Thursday 31 August 2017

Japanese tea ceremony, for Ben

This is a post-rubble animal. It lives where no one remembers a disintegration. Chasing dust motes and imagining the breaths between fall and settle and crack and shift and particle clumps tumbling off edges. It doesn’t quite breathe.  

There are loads of trails on caves and under the sand so when you make a castle on vacation it gurgles from underneath. It burrows down and invites all the things that might have been buried under asphalt elsewhere to come and play. The small insects dance along behind it, but it cannot quite break them out of the amber. Other, smaller ones, gather around and it shows them into between layers. Sheets on your bed, limescale edge on the showerhead that sprays water over the wall, layers of pudding in your parfait. 

It listens to you sleep in order to practise closing its eyes. Again and again and again and again, and it blinks the night away. Someday, we hope it learns that nobody has earned the stars.

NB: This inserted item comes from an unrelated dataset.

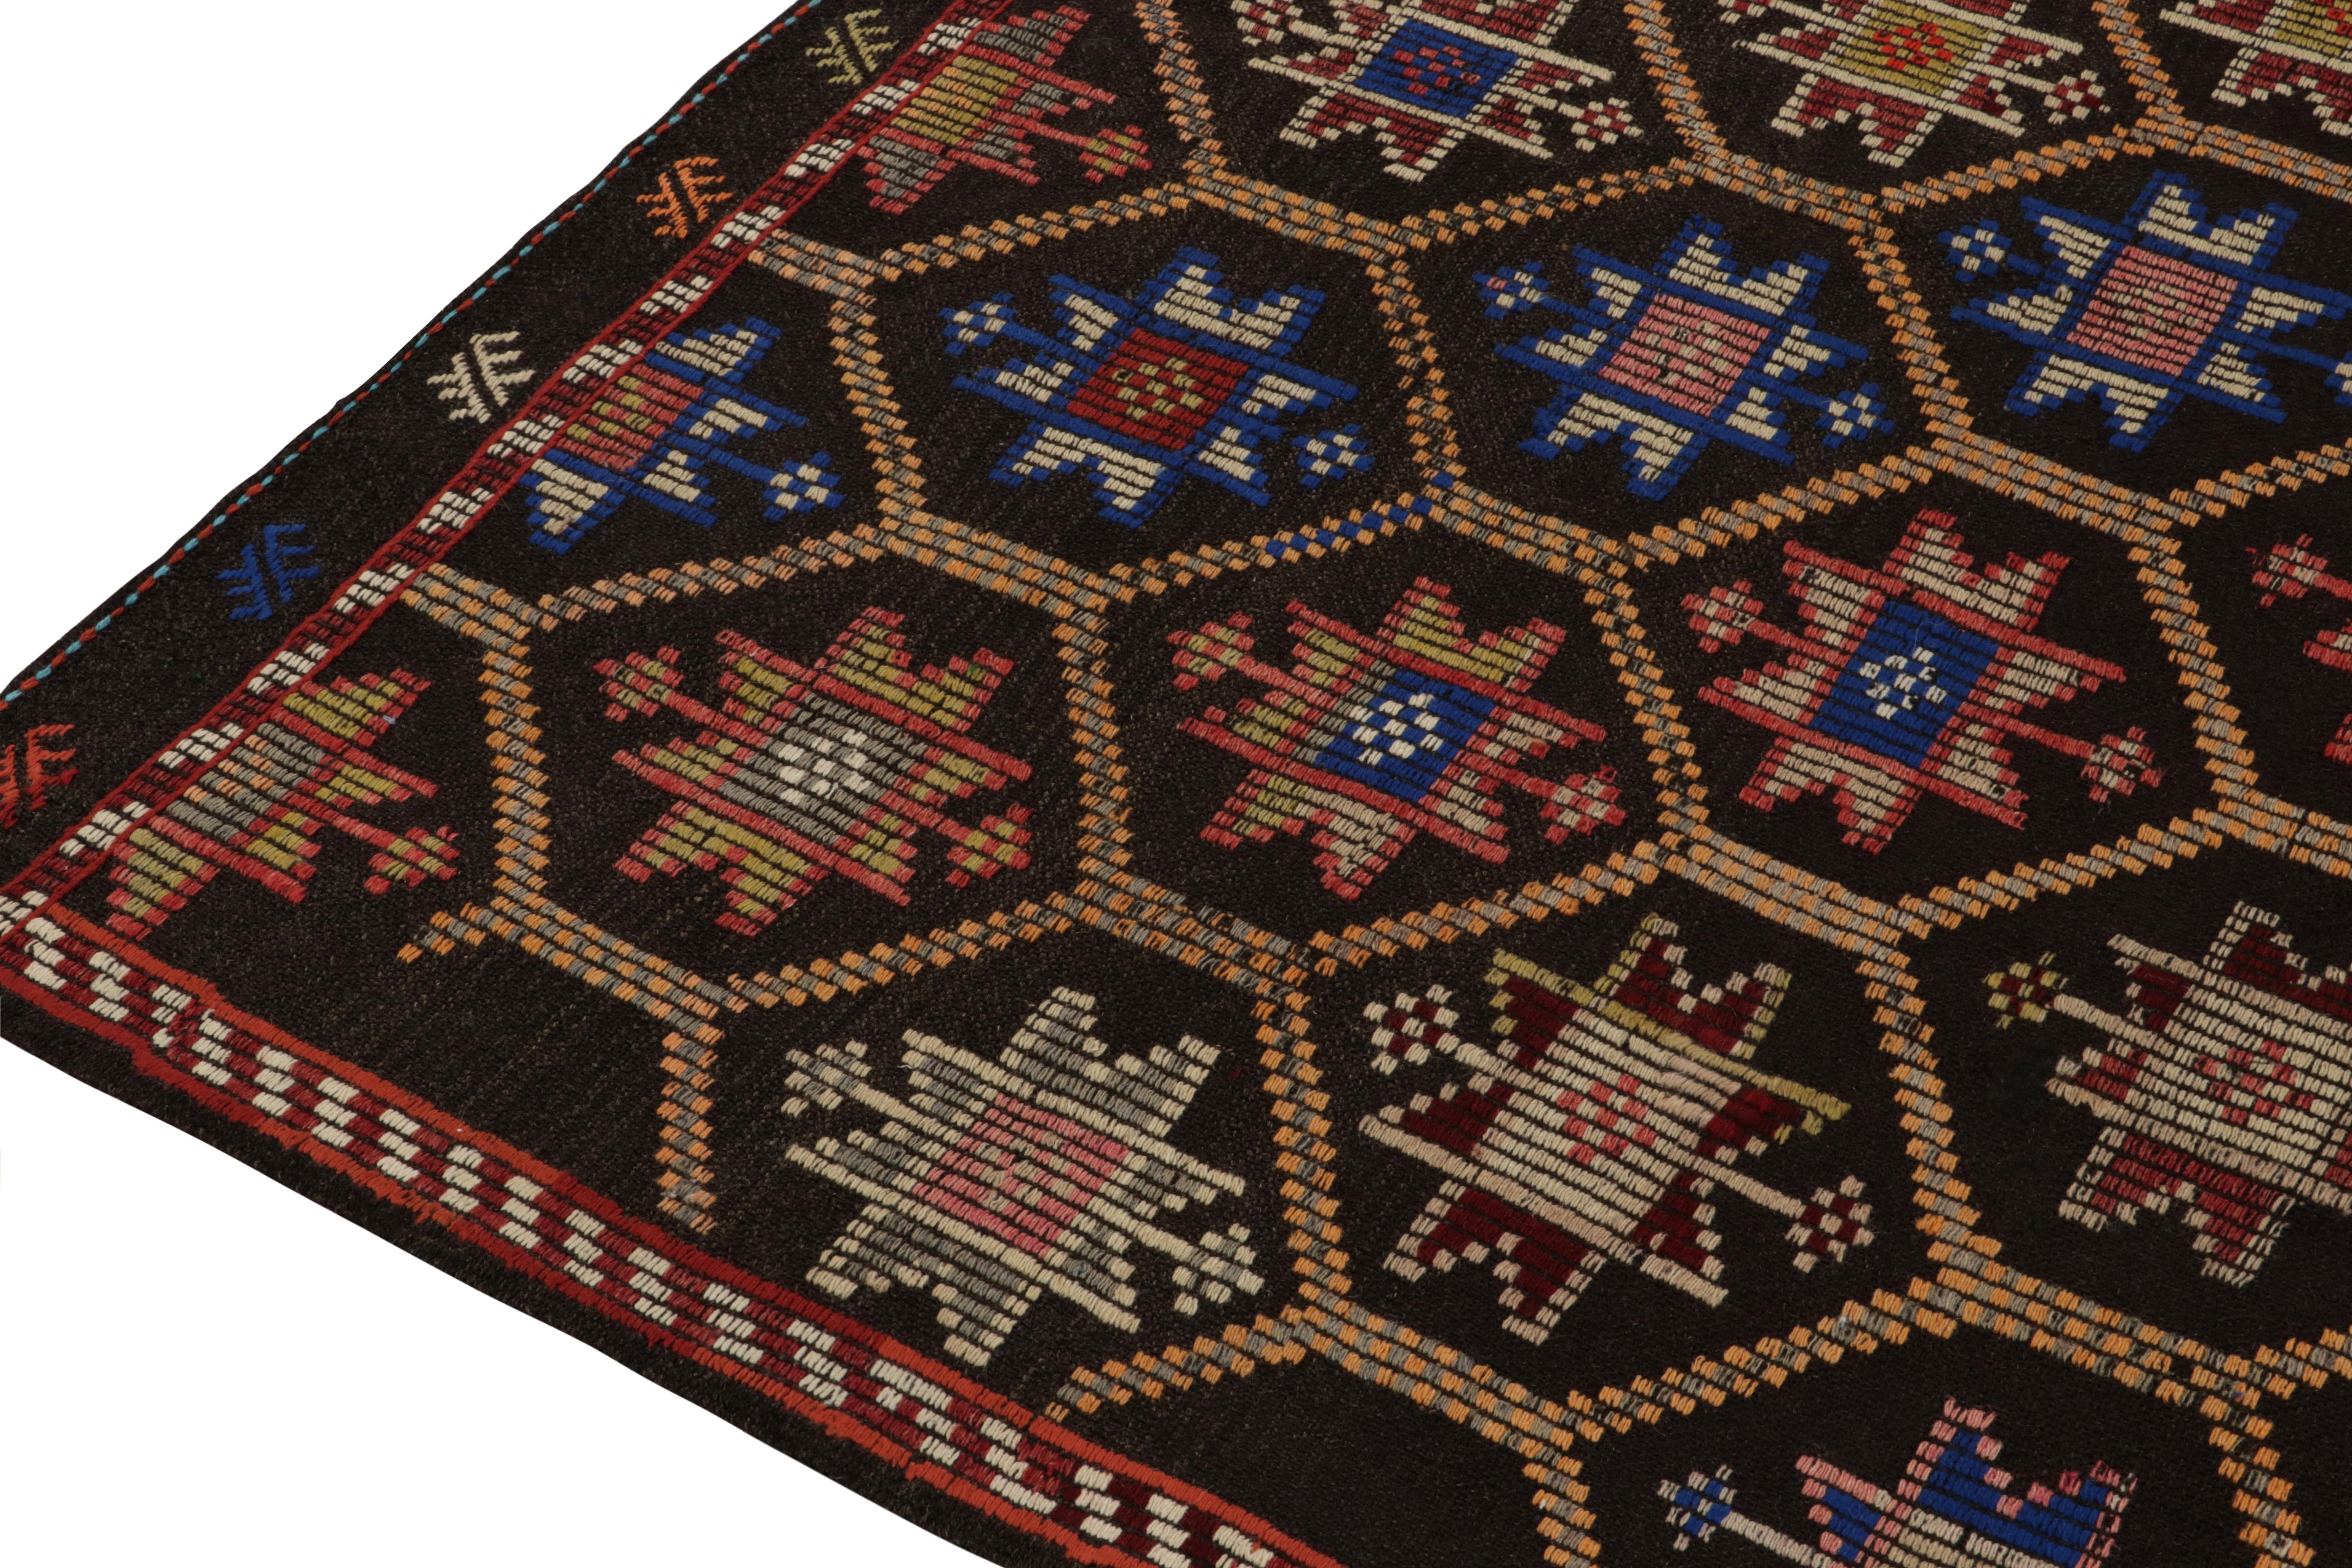 Vintage Cecim Kilim, Tribal Rug in Brown, Red and Blue Patterns by Rug & Kilim In Good Condition For Sale In Long Island City, NY

Bright and dark and sweaty backs and glimpses out the window to the trees that are only shadows. 


Whispers over your shoulders and pressing on your walls that you only dream of on the overpass.

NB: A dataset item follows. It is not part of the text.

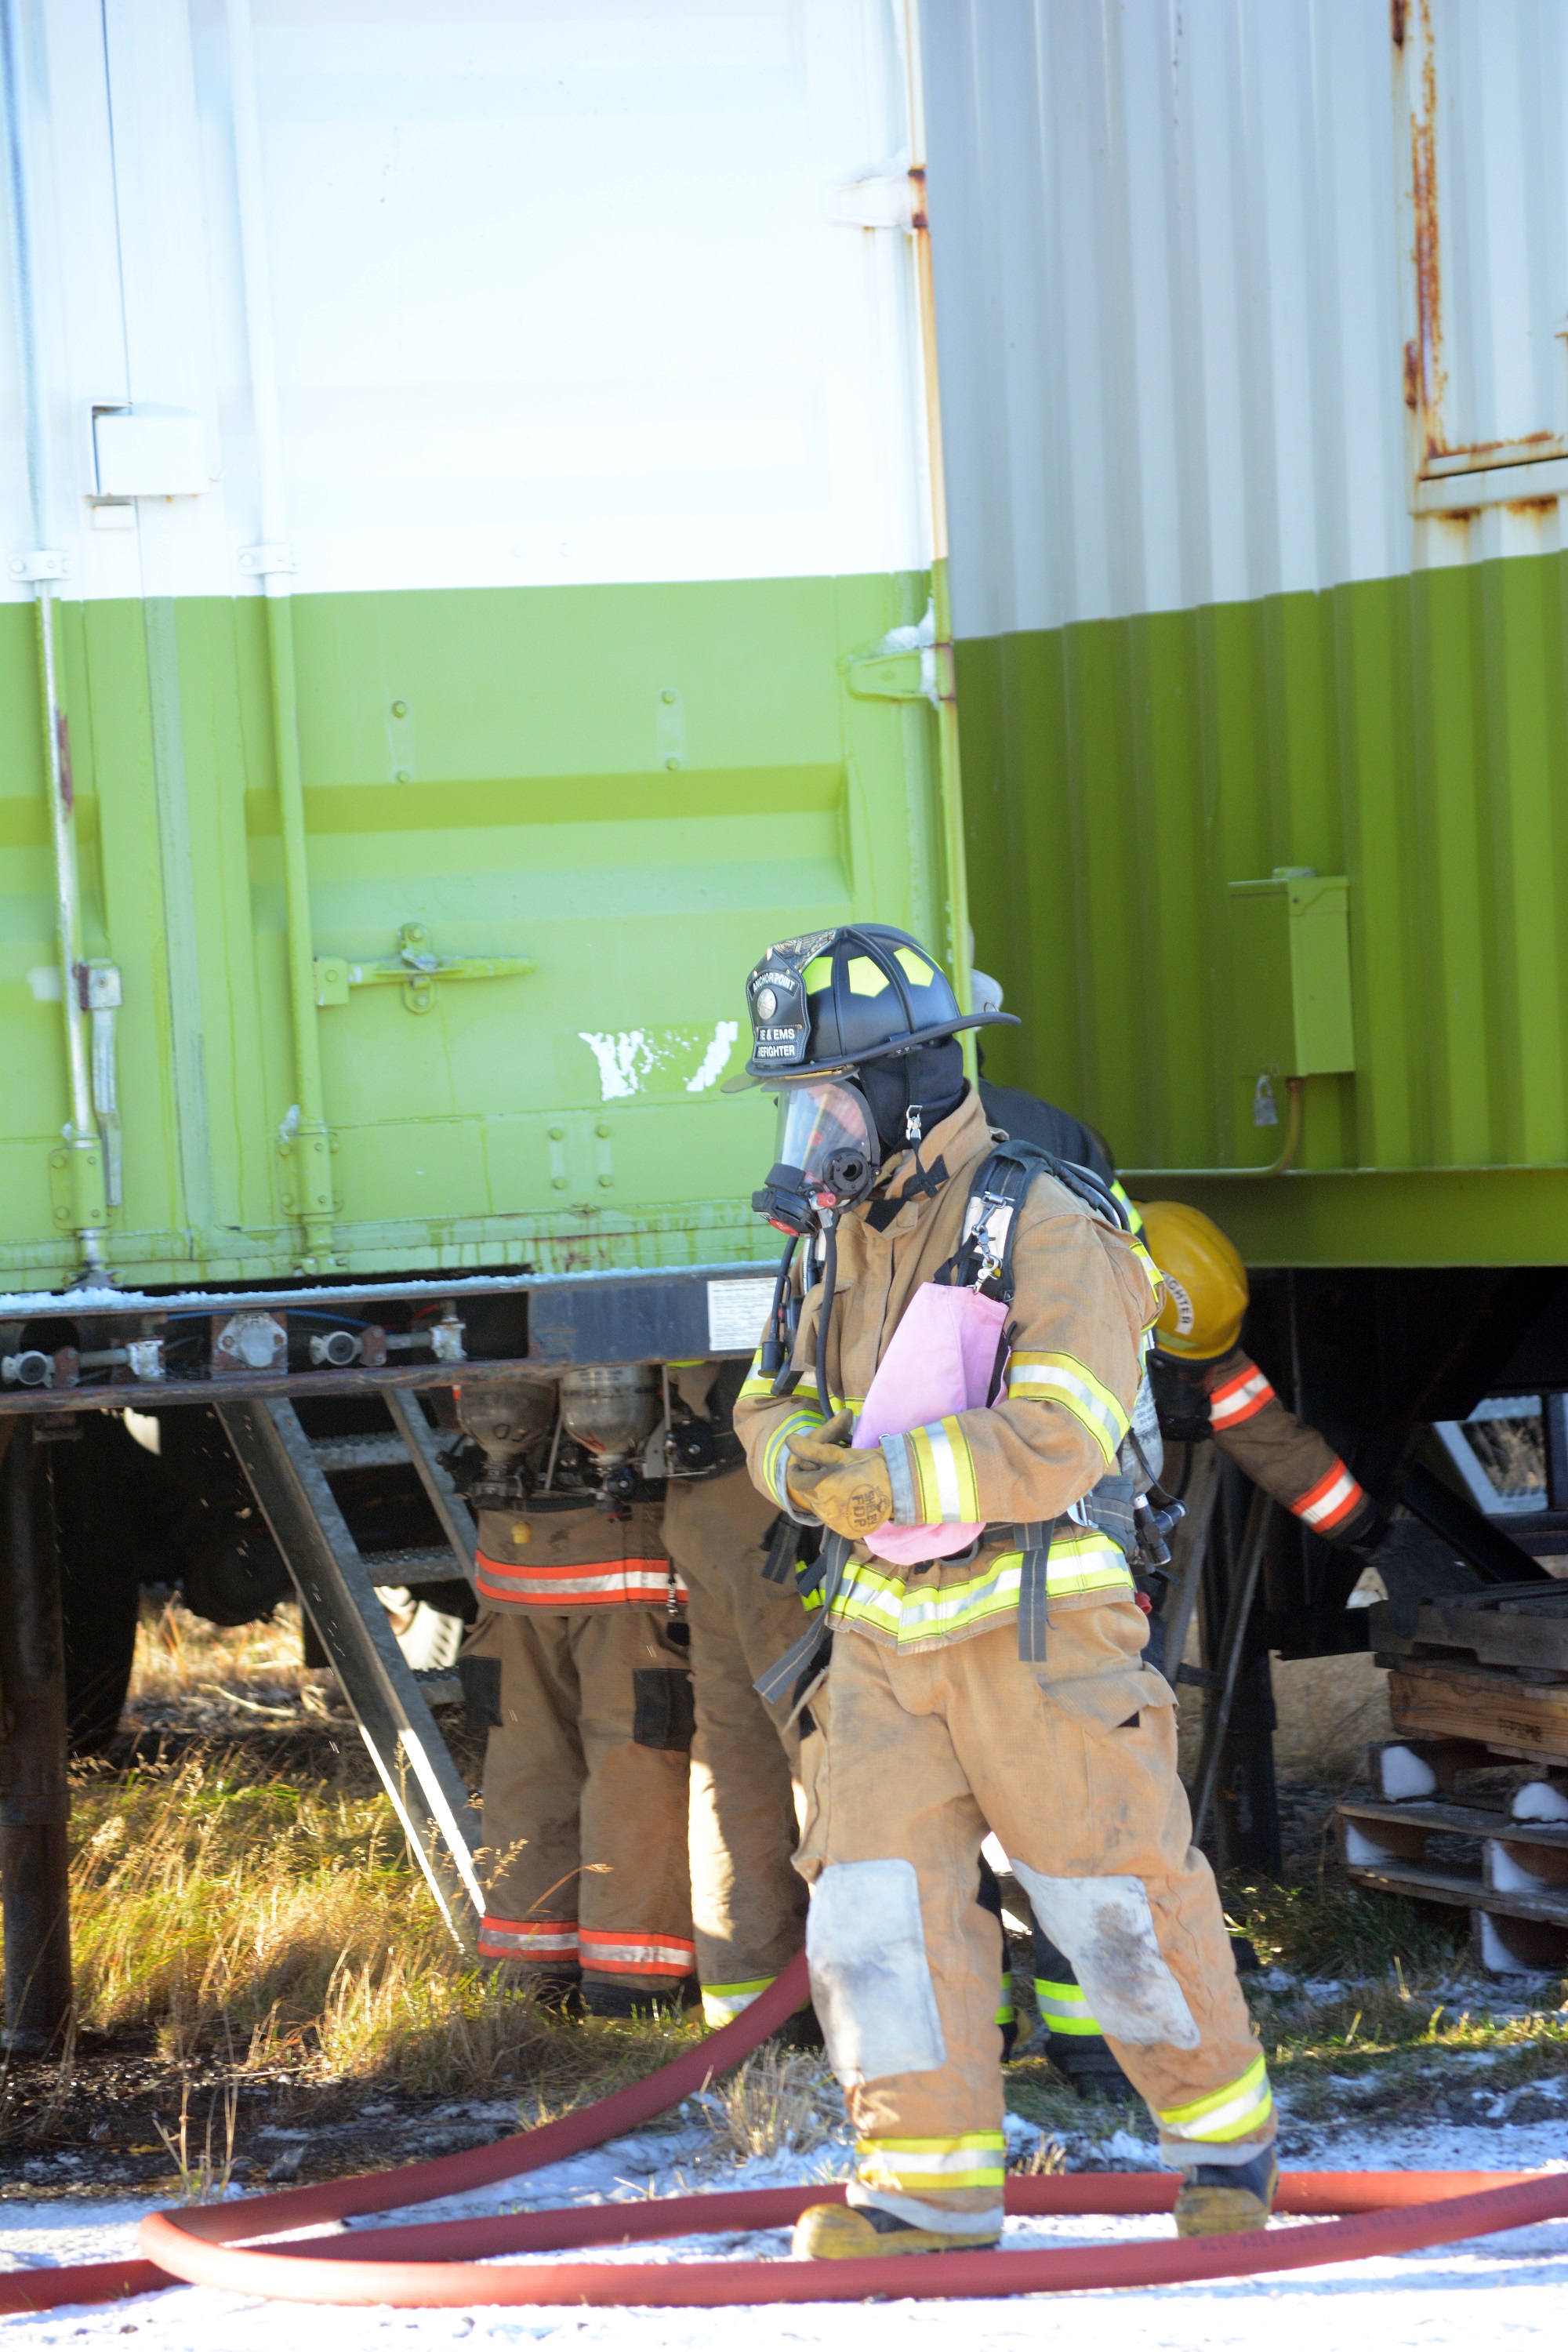 Kenai Peninsula Borough Mayor Mike Navarre attends firefighter training on Saturday at the Homer Volunteer Fire Department Training Facility on the Homer Spit.-Photo by Michael Armstrong, Homer News

Petrarch on the hill, for A. T.

It is a very small protozoa and it burrowed deep into the ground and it watches our pans sizzle and our beds get made and our kettles boil and our infrared calls to other places and different animals mostly like us.

It thinks that it can grow flowers above the ground or disintegrate titanium to build ghostly aircraft.

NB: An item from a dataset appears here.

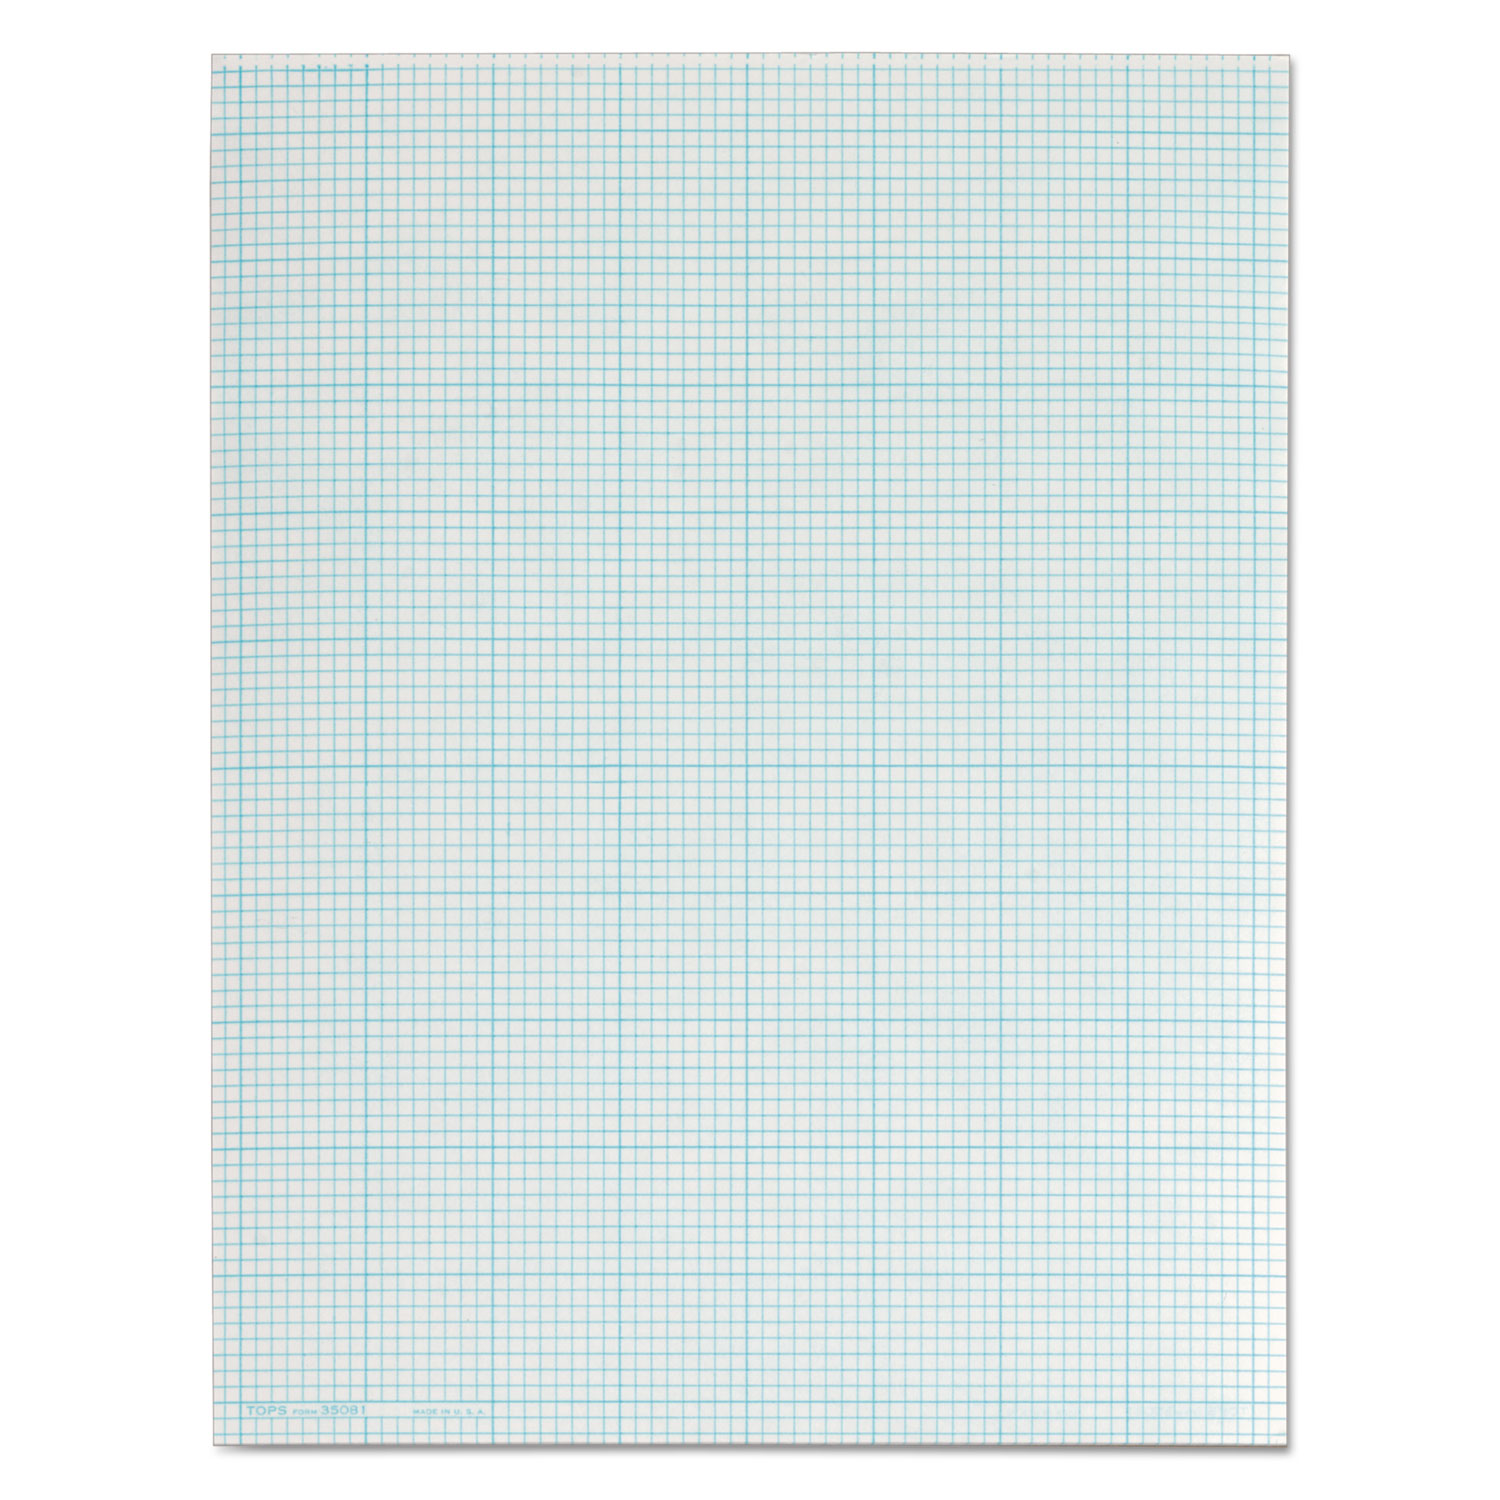  TOPS 35081 Cross Section Pads, 8 sq/in Quadrille Rule, 8.5 x 11, White, 50 Sheets (TOP35081)

So far, it only makes us wonder if the last popcorn kernel could have been nice to eat without setting off the fire alarm.

why hugging makes us feel better when we're sad, for Kate

An animal lived next to me for a while. We just observe the animals, I know. But one did live next to me. 

It is long. It has scales that sort of separate, all of them. So it suddenly covers small gaps over your gutters and little rain comes through. It just followed pipelines all the time. Gutters or trenches or ditches or little rivulets down the pavement. It splashes in them. Or it swims or drinks them or saves them and expels large quantities so suddenly all the grass is underwater and you can see all the pill bugs and stick insects and termites very clearly. Clear colours and sharp outlines and glistening exoskeletons and you don’t really see it, it just drifts. Always nearby.

When I was asleep, it would fill the room with water through the window, and the edges would all be split, and I would just be in the water. Cold or swiftly moving towards parked cars and underpasses and needles and stone and beach fires on the other side of a high drop. Or something below all the water. Pressure and ghost droplets and still. 

It is glistening and slipped disks and sustained spreading of webbed fingers. Calls through submerged telegraph wires. Twitching hairs in our ear canals, ink veins in sinews left by deep tattoo needles. Intake of breath with you, every time. Narrowing the frequency of your neuronic bandwidth. 


It is an every-shifting vibrating of still. Do you know that these animals don’t really end? But we do not try to catch them.

serendipity and its infinite sadness and joy, for tassos

Once there is a rock. It’s a friendly rock. It sits in the starlight or under the ice or in a meadow of warm sand. It doesn’t wish anything because it’s a very small stone. But it casts shadows. And the ice starts to melt on one side and not the other. Sand grazes on it and the atoms in it slow or speed even when the starlight is not directly on it. It took us so, so very long to discover this stone; anything that can hold on to something on this planet. That can stop something. That can cast a spell longer than itself to keep several centimetres of the pond frozen enough to skate on.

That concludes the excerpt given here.